Gibbs v. Shaw

By the Court,

PAINE, J.

Without passing upon any of the other objections to the validity of the sale of real estate by the first administrator, Wells, we think that sale must be held void because the record fails to disclose any notice to the heirs at law of the time and place of hearing the application. The statute required such notice to be given before any such application should be heard. Statutes of 1839, p. 317, sec. 29.

The record offered to sustain that sale contains no proof whatever that any notice was given. The only thing upon which it could be assumed is a fragment of a recital, in the order granting the license, to the effect that it appeared to the judge that the notice had been “ published in the Wisconsin Enquirer,” but leaving'blanks at all the places where the facts should have been specified showing such publication to have been according to the statute. And without determining whether a complete recital of all the facts necessary to show a proper notice, in an order granting a license by a probate judge, would be sufficient to sustain the proceedings, in the absence of any other proof of notice in the record, it seems clear that such a recital as this cannot be so, it being evidently incomplete on its face, and failing to show or even recite the necessary facts.

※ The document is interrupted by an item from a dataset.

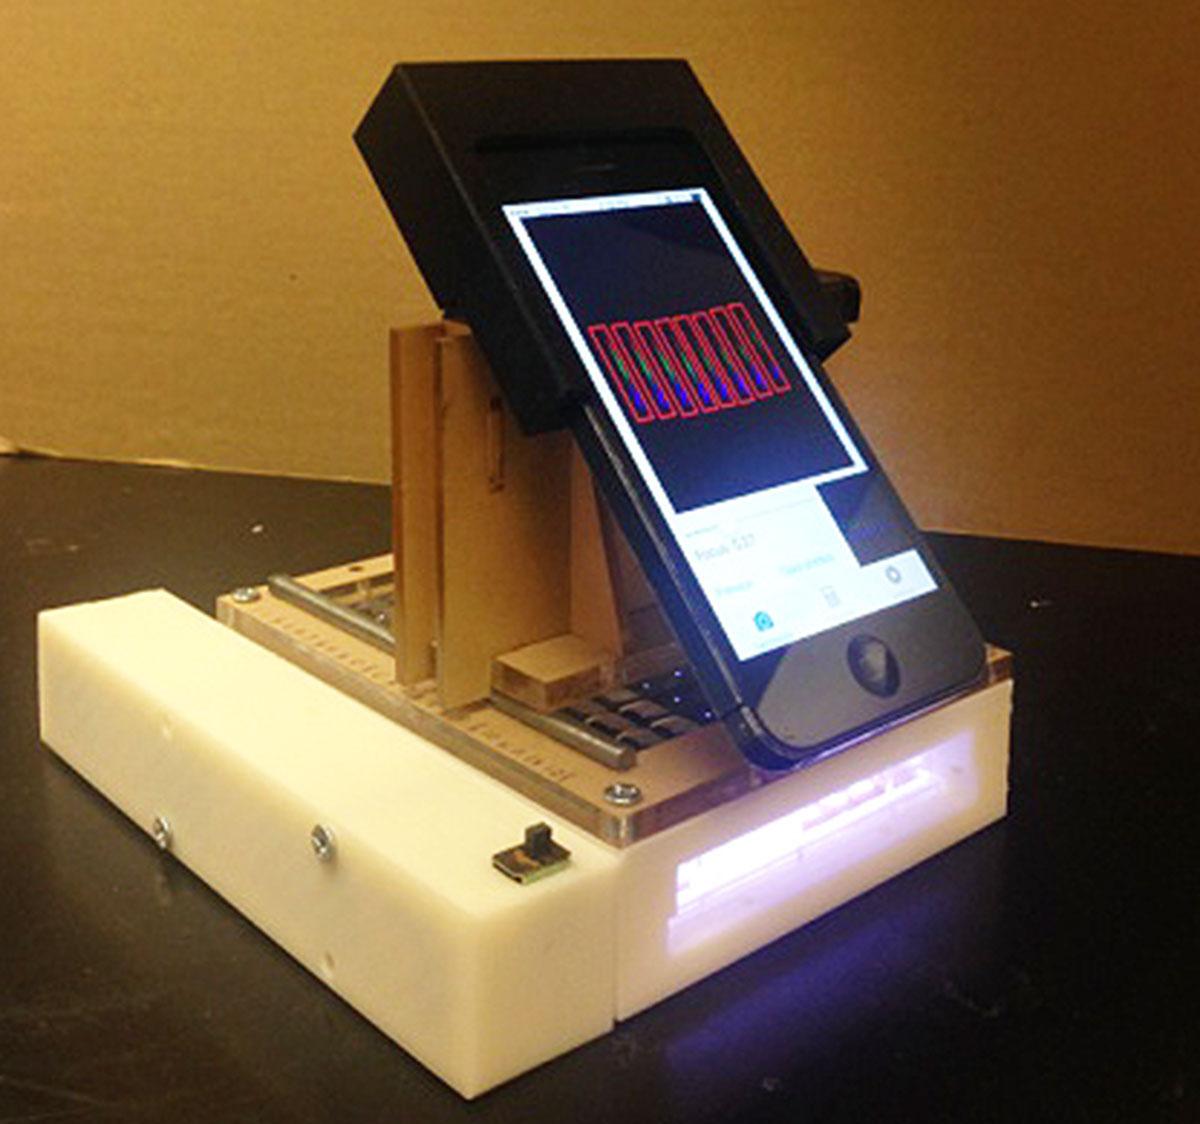 Một nhóm các nhà khoa học dùng iPhone để chuẩn đoán ung thư 2

The question then is, whether an administrator’s sale under a license from the probate court can be sustained, where the record fails to show notice to the heirs at law as required by *202the statute ? And we are of the opinion that it cannot be. There may be some cases where it is intimated that such notice is hot jurisdictional. But we regard the opposite doctrine as established by the weight of authority and resting upon the soundest principles, and that it is also established that the records of probate courts must show jurisdiction in order to sustain their proceedings. See the cases cited where this question is alluded to, in the case of Stark et al. vs. Brown, 12 Wis., 582. See also Dakin vs. Hudson, 6 Cowen, 221; Corwin vs. Merritt, 3 Barb., 341.

The judgment is affirmed, with costs.